Thanks Bill…I forgot to mention the terror I felt when I got to the staining part in terms of how the grain matching would come out. I did my best "guess" with the unstained wood in terms of grain matching before the glue-up but from experience I know that a piece of wood can be deceiving. Probably not the best on the base but so little of that shows that it didn't really matter. I got lucky on the top.


----------



## GFYS (Nov 23, 2008)

600-800 could be appropriate…hard to say with out all the facts.
Yours is probably more valuable to your family. Condolences.


----------



## teejk (Jan 19, 2011)

Dan…my mother in law is a true German. But she already mentioned that even if it had it looked not quite as nice (I'm bragging) it would still mean more than a purchased product. It really meant a lot to her and my wife.

Price wise? There is a lot of mark-up on funeral products (emotions, short time frame, etc. is a salesman's dream). So on a wholesale basis probably worth about $300 or so. Wood content was probably < $25 in its rough state. Router bits and planer/jointer knives don't last forever so some cost there and then you got the stain/brush/paper towel/paste wax thing that adds a few pennies.

Time was a lot, much of that on set-up. Hence the suggestion to build a few at a time. There is probably some money to be made for those so inclined.


----------



## GFYS (Nov 23, 2008)

True…short time frame means they must be made in advance…may or may not be purchased…polished metal placard engraved after purchased….multiple models…packaging for shipping…billing…bookkeeping…sales…liability… the list is long and more complicated than we often realize.

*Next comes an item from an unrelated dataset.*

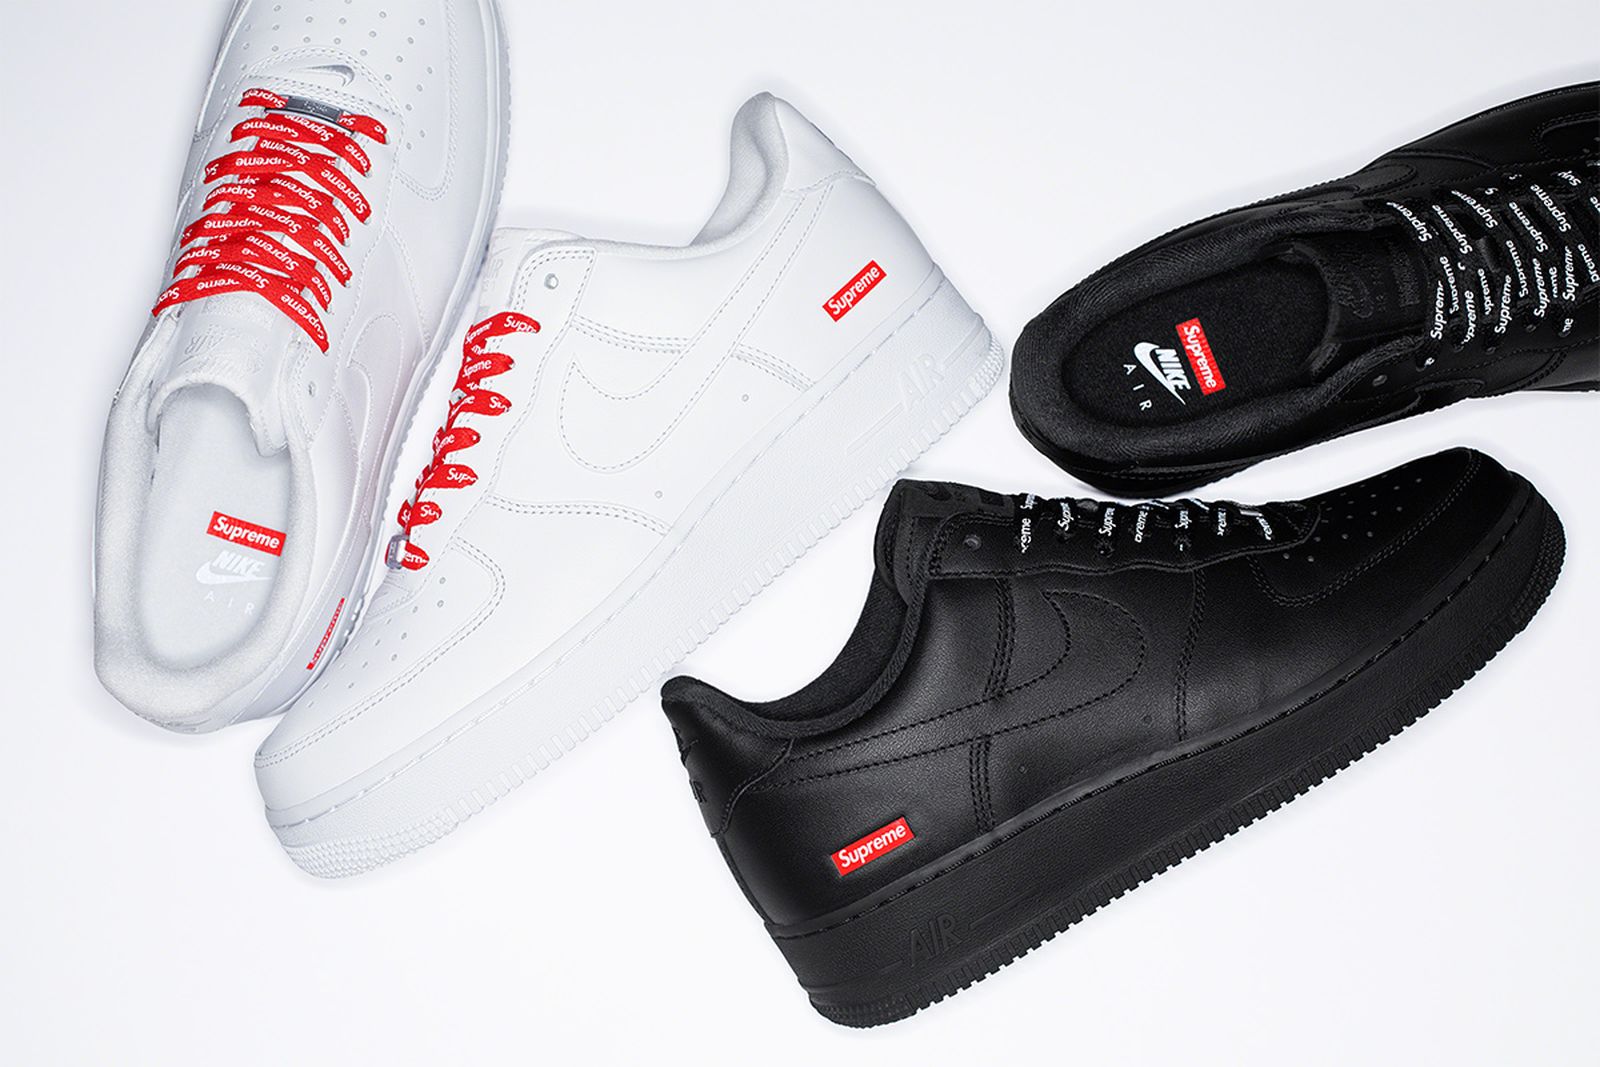 Supreme x Nike Air Force 1 Low Will Restock, Don't Freak Out فور ايفر ملتي ماكا

Glad you were able to step up.


----------



## Edwardnorton (Feb 15, 2013)

I have made a few urns for pets/people and I've learned that there is no reason to be in a hurry about it. The deceased won't know the difference between being in a nice DIY urn or the plastic ones they are put in originally, & the bereaved will understand it taking more time to have a beautiful urn (as you made here) produced. There is simply no rush despite what a funeral director may or may not tell you.

It's a absolute shame how the industry tries to take advantage of people during this time in their lives. There are strict Federal Laws regarding what they can "talk" you into & what they cannot do. Most do not know that you can pick a casket from an online retailer and the funeral parlor has to allow it in their parlor & that is just one tidbit of information regarding this topic, there are many more but I'll not take up more time talking about them. All of the funeral directors in my area know me well as I've gone with dozens of family and friends to help arrange things which resulted in the funeral services going from thousands to a few hundred. I literally detest these type of business because of how they attempt to profit from their deceptive practices.

Anyway, you done *a very nice job* and your heart was in the absolute right place in doing this project!


----------



## Tennessee (Jul 8, 2011)

Sorry for your loss, and very nice box to save the day.

I've always said, "I've never met a poor undertaker."


----------



## helluvawreck (Jul 21, 2010)

I'm sorry about your loss; however, this is a beautiful urn box.

helluvawreck aka Charles
http://woodworkingexpo.wordpress.com


----------



## AndrewPhillips (Apr 12, 2016)

A great work done and worth applauding. I love the finish of the urn. I have made arrangements for pre paid funeral for myself on an online website, and have already listed my wishes with them. I would love to add this customized urn box, which would serve as a companion urn for myself and my husband.


----------